The offer of talks from Washington came days before a February 21 deadline when Iran had said it would bar international inspectors from visiting undeclared nuclear facilities and conducting unannounced inspections of nuclear sites. It was not clear whether China and Russia would want to join negotiations if they were to take place. Both countries had developed close economic and military relations with Iran. China did not observe the embargo on purchasing oil gas from Tehran and has found a way to bypass the ban on using Western banks to finance trade with Iran. It was crucial to the international community’s confidence that Iran was not rapidly reconstituting its ability to make a weapon. There was growing circumstantial evidence, much of it provided by Israeli intelligence, that the country never fully disclosed the sites in its nuclear programme.
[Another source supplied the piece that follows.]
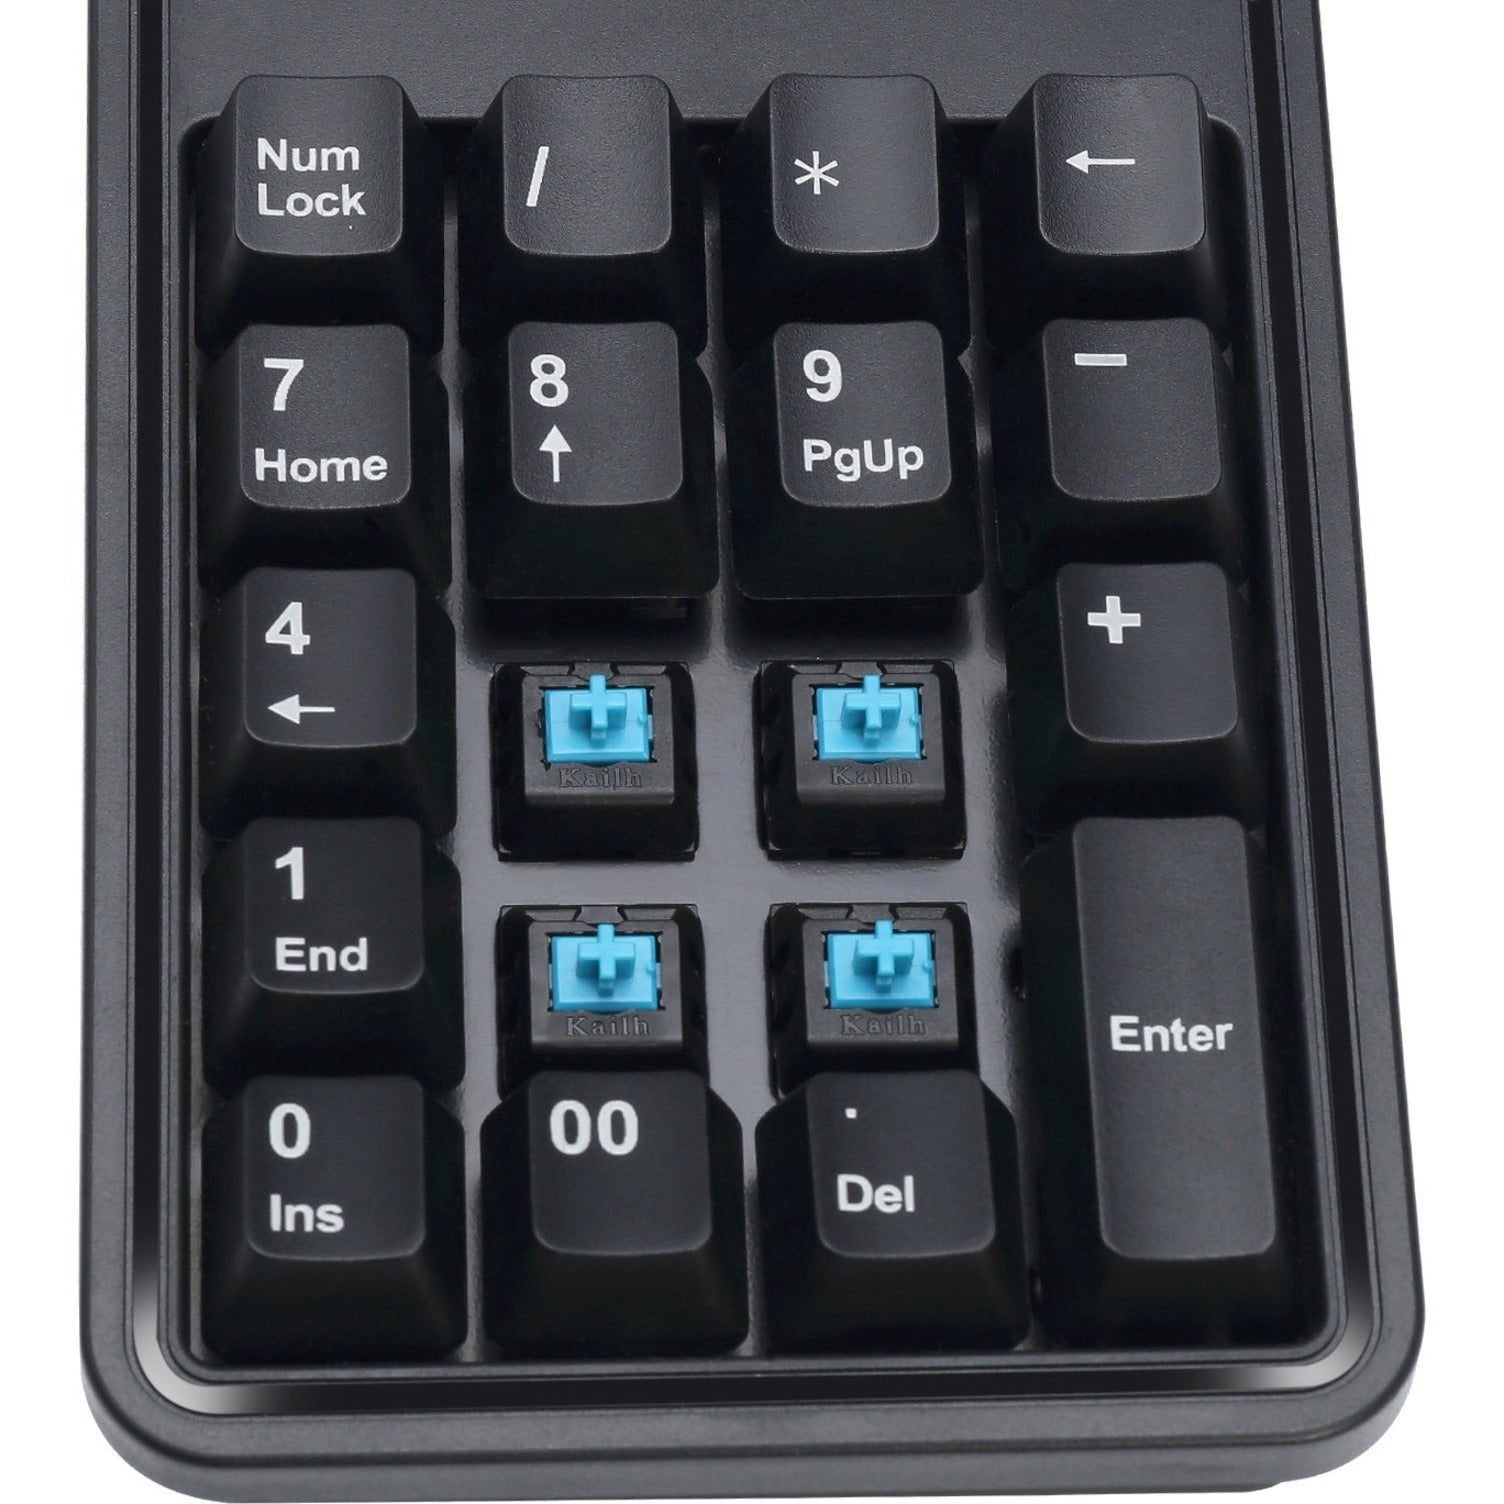 Adesso AKB-600HB 19-Key Mechanical Keypad with 3-Port USB Hub, Adjustable Height, Plug & Play

The liberal community in the US was in favour of the Biden administration approaching Iran. “Diplomacy with Iran Deserves Another Try”, David Ignatius headlined one of his columns for The Washington Post written while he was travelling with General Frank McKenzie, who commanded the US forces in the Middle East and parts of South Asia. According to the general, “any agreement that we can get that would limit nuclear proliferation is a good thing.” However, on February 28, Iran rejected the US offer saying that time was not ripe to hold such talks. The US had complicated policymaking in Tehran by sending its bombers to strike a border-crossing station in eastern Syria used by the Iranian-backed Iraqi militias, including Kataib Hezbollah and Kataib Al Shuhada. The operation followed a deadly attack on a location that housed US personnel in Iraq that American officials attributed to Iranian-linked groups. This was the first Middle East military operation by the Biden administration.
Published in The Express Tribune, March 8th, 2021.